2015/01/03(土)16:32:17 ID:cKb

私は小学校の頃いたずら好きで、人を驚かせたり物を隠したり壊したりするクソガキだった。

先生にもしょっちゅう怒られてたし、クラスメイトにもさけられてたりする問題児だった。

そんな中、いつも私に話しかけてくる子がいた。麻実子だ。

麻実子はクラスの中心にいるような女の子で、いわゆるみんな仲良し!なタイプで優等生だった。

仲間はずれ良くない!ぼっちには話しかける!というような偽善的な態度が嫌で、私は彼女をあまり好きではなかった。

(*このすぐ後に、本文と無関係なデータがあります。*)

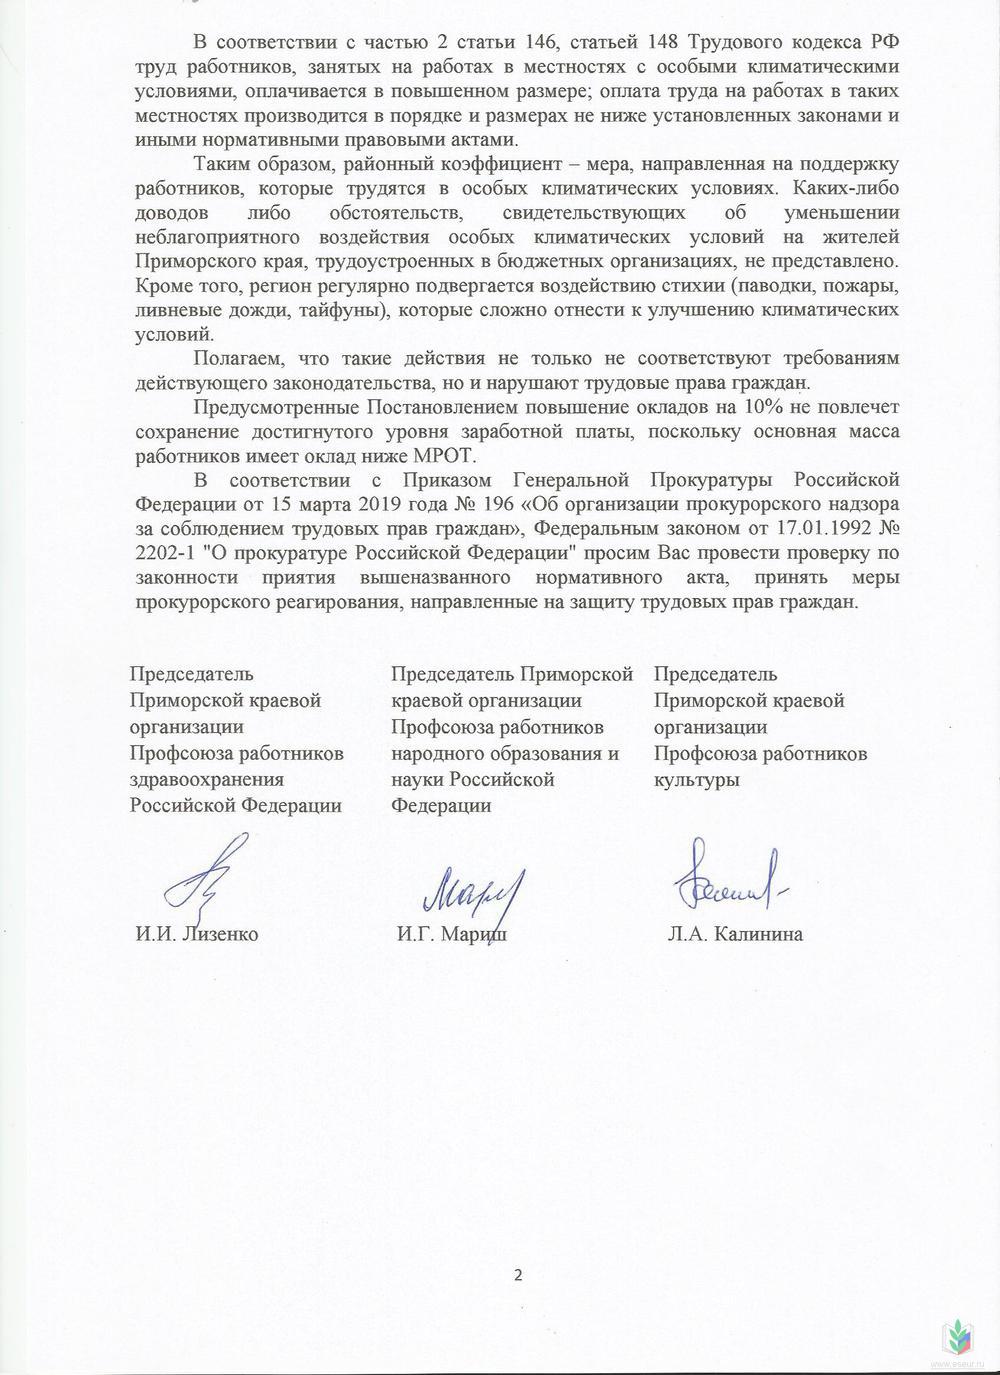 https://www.eseur.ru/Files/file10771.jpg

そんなこんなで小学校を卒業し、中・高校と進むにつれ、私は普通のおとなしめのタイプに変わった。

麻実子とは小学校卒業後、一度もクラスが同じになることはなく、話をすることもなかった。

そして、十数年ぶりに同窓会があった。

久しぶりに会った旧友と話すうちに、小学校時代の思い出話になった。

私「いやー懐かしいねー、小学校時代いたずらばかりしててさー、黒歴史だわー(笑)」
みんな「あー、麻実子ねー、あの子ひどかったよねー」

私「?麻実子がどうかした?」

みんな「え?」

なんか会話が噛み合わない気がする……?

みんなに詳しく聞くと、小学校時代いたずらをしていたのは麻実子ということになっていた。

男子の上履きに画びょうを入れたのも、トイレの個室にいる子に水をかけたのも、男子に足を引っ掛けてガラスに飛び込ませてしまったのも、すべて麻実子がしたことになっていた。

不思議なのが、私を直接叱った担任の記憶も麻実子を叱ったことになっていた。

私がガラスに突っ込ませた男子の記憶すらも。

麻実子は同窓会には出席していなかった。

中学二年頃から不登校になって引きこもりになっているらしい。

みんなの中心にいた麻実子のことをみんなが

「あの子はおかしかった」

「昔から嫌いだった」

「小学校時代からぼっちだった」

と悪口三昧。

みんなの話を聞きながら、私の記憶がおかしいのか、みんなの記憶がおかしいのか本気で分からなくなった。

小学校卒業して麻実子が変わってしまったのか、私の記憶がおかしいのか、オカルト板でよくある異次元に飛んでしまったのか。

人の記憶なんてあいまいだけど、ここまで改変されていると何が真実なのかわからなくなってしまった。

ちなみに私の小学校の時の立ち位置は、基本的にどこのグループにも属さないぼっちだけど、話すと意外と面白い子、というポジションになっていた。

今も微妙に混乱中……こんなことってあるんでしょうか?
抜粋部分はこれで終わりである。